Friday April 27, 2018

Sri Lanka tea firm gets more land for luxury tented resort

Jan 26, 2017 07:17 AM GMT+0530 | 1 Comment(s)


ECONOMYNEXT – Wild Coast Lodge, part of the MJF Holdings group, has been allowed to lease extra land near the Yala wildlife park in southern Sri Lanka where it is developing a luxury tented resort, a government spokesman said.

A property of 07 acres belonging to the Sri Lanka Tourism Development Authority in Palatupana area in Yala has been allocated for the Wild Coast Lodge (Pvt) Ltd. project, said Rajitha Senaratne, Minister of Health, Nutrition and Indigenous Medicine.

The Cabinet of ministers this week approved a proposal by John Amaratunge, Minister of Tourism Development, to provide an additional land of 155 perches on a 50 year lease to the company to continue the project.

Wild Coast Lodge has to obtain approval of the Department of Coast Conservation and Coastal Resources Management and the recommendations of Department of Wildlife Conservation in continuing with construction works.

Wild Coast Lodge had signed an agreement to set up a 28 roomed boutique hotel in Palatupana in 2016. It asked for an additional 155 perches for the luxury camps, saying it had changed the original design of the project to provide unobstructed views of the sea and beach front and needed the extra land.

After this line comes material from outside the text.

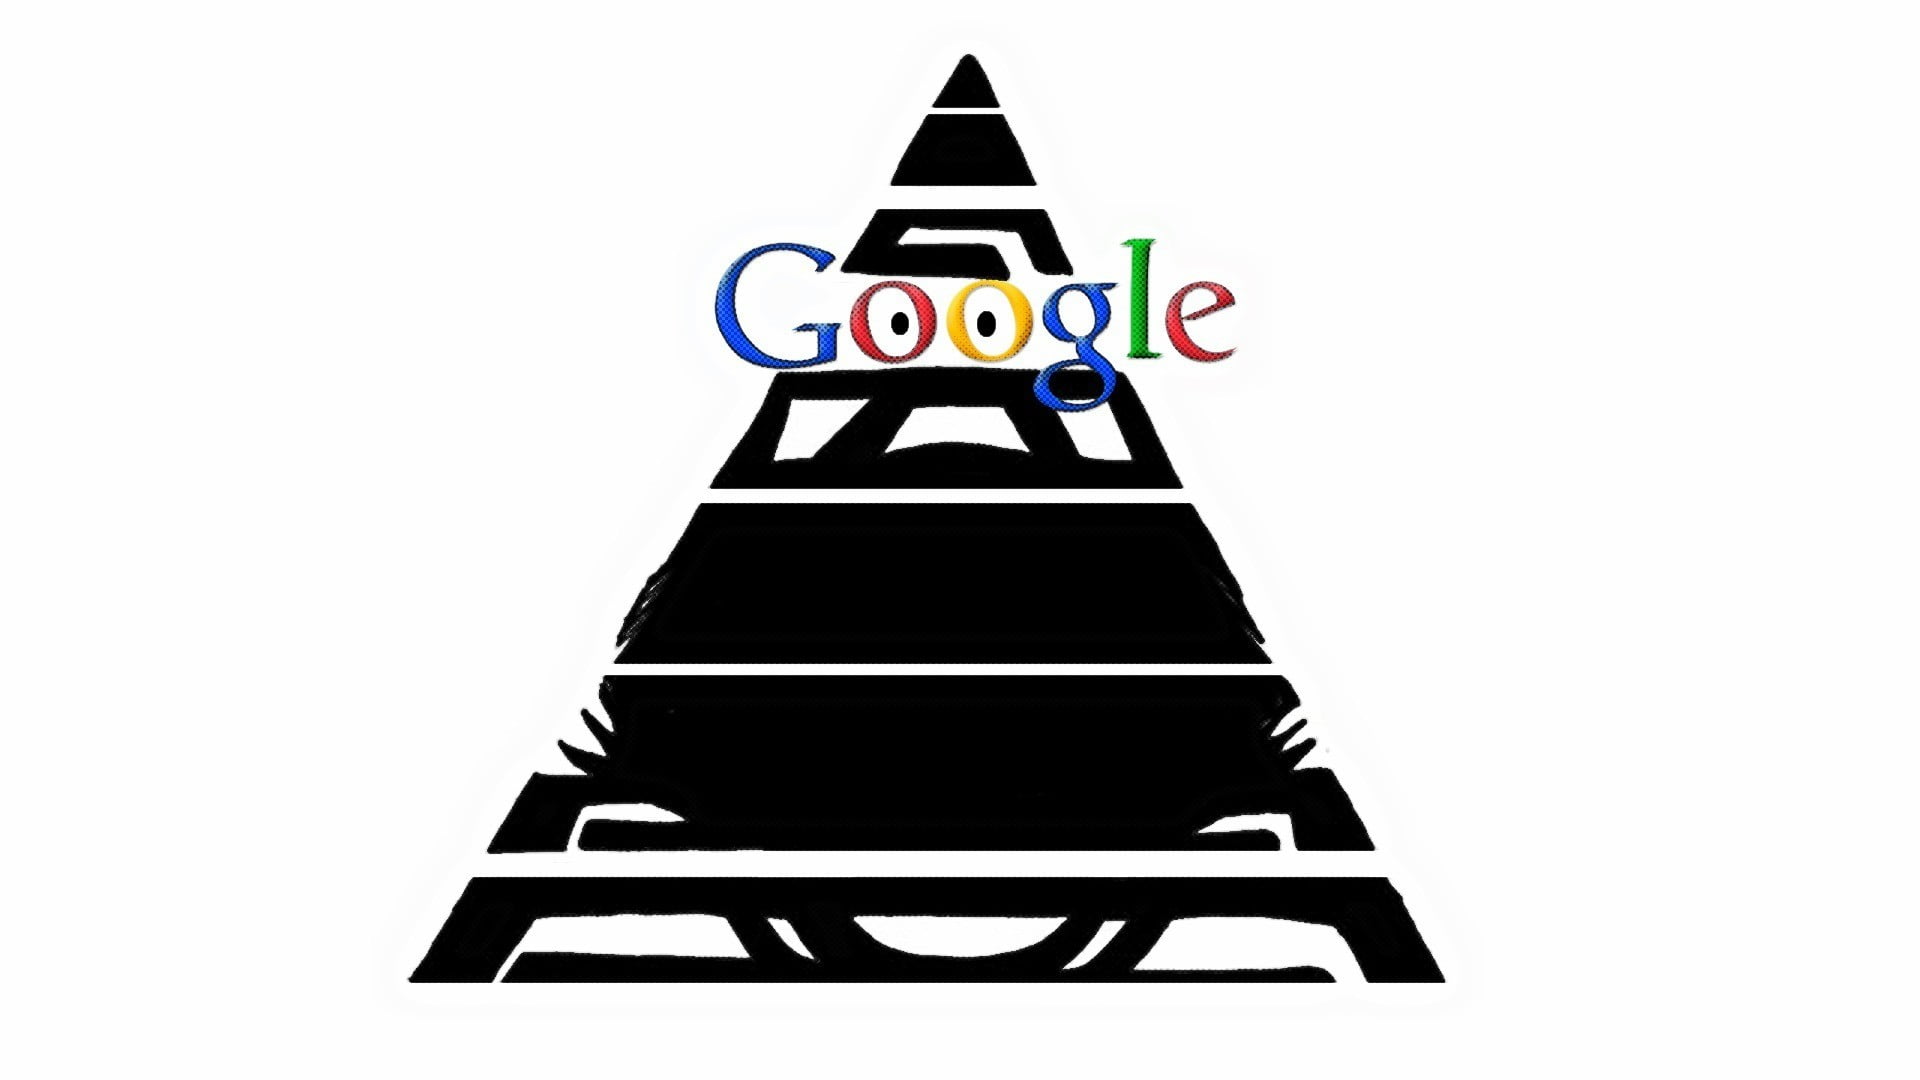 black and white wooden table, spies, pyramid, Google

The project benchmarks South African wild life tourism experience and targets a niche upmarket tourist segment prepared to pay a higher price.
The Ministry of Tourism Development said it approved the request for more land since there was no significant environmental impact and given MJF Holdings contributions to developing upmarket tourism with its Tea Trails and Cape Weligama properties,
(COLOMBO, Jan 26, 2016)



  1. sacre blieu January 26, 07:45 AM

    Another disaster in the making. The legalising of destruction of bio-diversity, which is off immeasurable importance to life. Forests , swamps, mangroves, etc., have all been destroyed and encroached upon with absolute impunity in the name of development and habitation and we see the ill effects of all.
    Yala reserve or any other forest reserve should not have been touched, for whatever the reason. Singharaja, with its unique species is now less than 15 of its original size.